[Task description] From the data below, set down exactly the lines between the one holding "Prime Satellite 5.1 System" and the one holding "Colonial Cream OC", inclusive, and no others.

[Data items]
Segment Open
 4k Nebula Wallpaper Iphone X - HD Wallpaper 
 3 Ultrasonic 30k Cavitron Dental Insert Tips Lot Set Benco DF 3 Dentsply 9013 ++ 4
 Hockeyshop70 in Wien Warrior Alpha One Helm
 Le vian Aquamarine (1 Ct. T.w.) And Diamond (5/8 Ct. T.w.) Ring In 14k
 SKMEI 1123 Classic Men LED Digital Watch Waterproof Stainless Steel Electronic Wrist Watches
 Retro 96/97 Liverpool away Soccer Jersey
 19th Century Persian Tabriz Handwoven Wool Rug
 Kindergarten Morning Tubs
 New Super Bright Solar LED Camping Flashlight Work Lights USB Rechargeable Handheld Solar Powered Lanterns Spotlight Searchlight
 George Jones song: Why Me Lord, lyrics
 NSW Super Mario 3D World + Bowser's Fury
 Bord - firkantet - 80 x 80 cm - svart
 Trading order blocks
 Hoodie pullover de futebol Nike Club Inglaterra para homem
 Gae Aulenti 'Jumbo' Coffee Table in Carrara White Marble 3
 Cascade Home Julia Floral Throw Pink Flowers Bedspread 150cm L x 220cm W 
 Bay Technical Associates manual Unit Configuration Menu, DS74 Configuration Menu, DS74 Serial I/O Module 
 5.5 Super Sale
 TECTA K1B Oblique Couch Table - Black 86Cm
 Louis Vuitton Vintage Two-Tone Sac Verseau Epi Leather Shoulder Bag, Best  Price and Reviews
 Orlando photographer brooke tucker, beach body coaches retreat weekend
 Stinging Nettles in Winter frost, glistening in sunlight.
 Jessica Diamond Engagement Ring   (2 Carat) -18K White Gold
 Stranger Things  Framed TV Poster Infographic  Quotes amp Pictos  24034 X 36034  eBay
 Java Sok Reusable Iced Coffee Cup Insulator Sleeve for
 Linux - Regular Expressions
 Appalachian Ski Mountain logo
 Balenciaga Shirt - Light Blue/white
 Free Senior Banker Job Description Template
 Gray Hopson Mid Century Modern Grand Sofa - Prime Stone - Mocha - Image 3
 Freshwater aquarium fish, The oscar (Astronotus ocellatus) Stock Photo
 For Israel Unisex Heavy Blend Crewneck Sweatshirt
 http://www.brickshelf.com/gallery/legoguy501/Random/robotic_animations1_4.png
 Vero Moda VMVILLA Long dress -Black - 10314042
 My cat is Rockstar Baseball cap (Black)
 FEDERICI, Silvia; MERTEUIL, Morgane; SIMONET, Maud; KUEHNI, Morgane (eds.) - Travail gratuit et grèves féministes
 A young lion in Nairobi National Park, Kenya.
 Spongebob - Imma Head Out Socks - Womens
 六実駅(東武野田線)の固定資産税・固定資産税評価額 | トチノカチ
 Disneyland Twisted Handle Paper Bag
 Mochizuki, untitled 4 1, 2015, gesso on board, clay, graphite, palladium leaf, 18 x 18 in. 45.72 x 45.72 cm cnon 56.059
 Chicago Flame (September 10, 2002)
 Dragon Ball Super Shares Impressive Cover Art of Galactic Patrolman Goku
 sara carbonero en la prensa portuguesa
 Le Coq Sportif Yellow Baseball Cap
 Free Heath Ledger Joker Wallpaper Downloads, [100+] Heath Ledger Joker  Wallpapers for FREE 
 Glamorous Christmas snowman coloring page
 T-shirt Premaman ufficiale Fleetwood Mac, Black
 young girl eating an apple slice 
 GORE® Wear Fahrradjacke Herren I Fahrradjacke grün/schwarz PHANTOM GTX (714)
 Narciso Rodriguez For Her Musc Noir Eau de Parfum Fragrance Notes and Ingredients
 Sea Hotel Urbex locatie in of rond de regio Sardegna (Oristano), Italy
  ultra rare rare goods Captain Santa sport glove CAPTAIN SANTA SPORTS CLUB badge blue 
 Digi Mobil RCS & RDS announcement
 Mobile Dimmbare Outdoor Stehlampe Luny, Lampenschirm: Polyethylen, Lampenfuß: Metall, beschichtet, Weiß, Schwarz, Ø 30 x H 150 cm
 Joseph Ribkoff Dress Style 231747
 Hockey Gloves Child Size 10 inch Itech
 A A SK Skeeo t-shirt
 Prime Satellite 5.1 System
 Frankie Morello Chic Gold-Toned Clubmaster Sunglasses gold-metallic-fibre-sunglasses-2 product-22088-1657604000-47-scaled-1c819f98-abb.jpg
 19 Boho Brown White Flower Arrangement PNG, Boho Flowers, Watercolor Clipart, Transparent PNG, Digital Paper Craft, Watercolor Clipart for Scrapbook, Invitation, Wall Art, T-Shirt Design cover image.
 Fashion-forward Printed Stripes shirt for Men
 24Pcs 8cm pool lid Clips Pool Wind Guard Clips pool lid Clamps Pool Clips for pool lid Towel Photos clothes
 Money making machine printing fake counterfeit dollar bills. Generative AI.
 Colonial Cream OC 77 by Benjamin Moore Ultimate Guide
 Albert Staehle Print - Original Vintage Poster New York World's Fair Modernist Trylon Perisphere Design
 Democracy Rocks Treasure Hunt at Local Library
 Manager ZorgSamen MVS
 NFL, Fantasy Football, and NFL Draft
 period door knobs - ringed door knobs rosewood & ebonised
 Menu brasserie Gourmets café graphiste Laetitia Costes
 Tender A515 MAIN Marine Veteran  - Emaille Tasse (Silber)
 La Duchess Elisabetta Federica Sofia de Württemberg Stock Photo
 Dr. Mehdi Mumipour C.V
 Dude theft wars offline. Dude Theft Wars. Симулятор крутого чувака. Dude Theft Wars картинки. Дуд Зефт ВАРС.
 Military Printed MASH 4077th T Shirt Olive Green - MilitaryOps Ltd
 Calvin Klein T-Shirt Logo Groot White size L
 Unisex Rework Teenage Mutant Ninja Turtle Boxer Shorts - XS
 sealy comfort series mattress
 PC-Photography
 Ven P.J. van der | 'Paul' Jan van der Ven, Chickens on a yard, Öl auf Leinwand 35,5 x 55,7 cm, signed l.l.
Segment Closed
[Solution to the exercise]
 Prime Satellite 5.1 System
 Frankie Morello Chic Gold-Toned Clubmaster Sunglasses gold-metallic-fibre-sunglasses-2 product-22088-1657604000-47-scaled-1c819f98-abb.jpg
 19 Boho Brown White Flower Arrangement PNG, Boho Flowers, Watercolor Clipart, Transparent PNG, Digital Paper Craft, Watercolor Clipart for Scrapbook, Invitation, Wall Art, T-Shirt Design cover image.
 Fashion-forward Printed Stripes shirt for Men
 24Pcs 8cm pool lid Clips Pool Wind Guard Clips pool lid Clamps Pool Clips for pool lid Towel Photos clothes
 Money making machine printing fake counterfeit dollar bills. Generative AI.
 Colonial Cream OC 77 by Benjamin Moore Ultimate Guide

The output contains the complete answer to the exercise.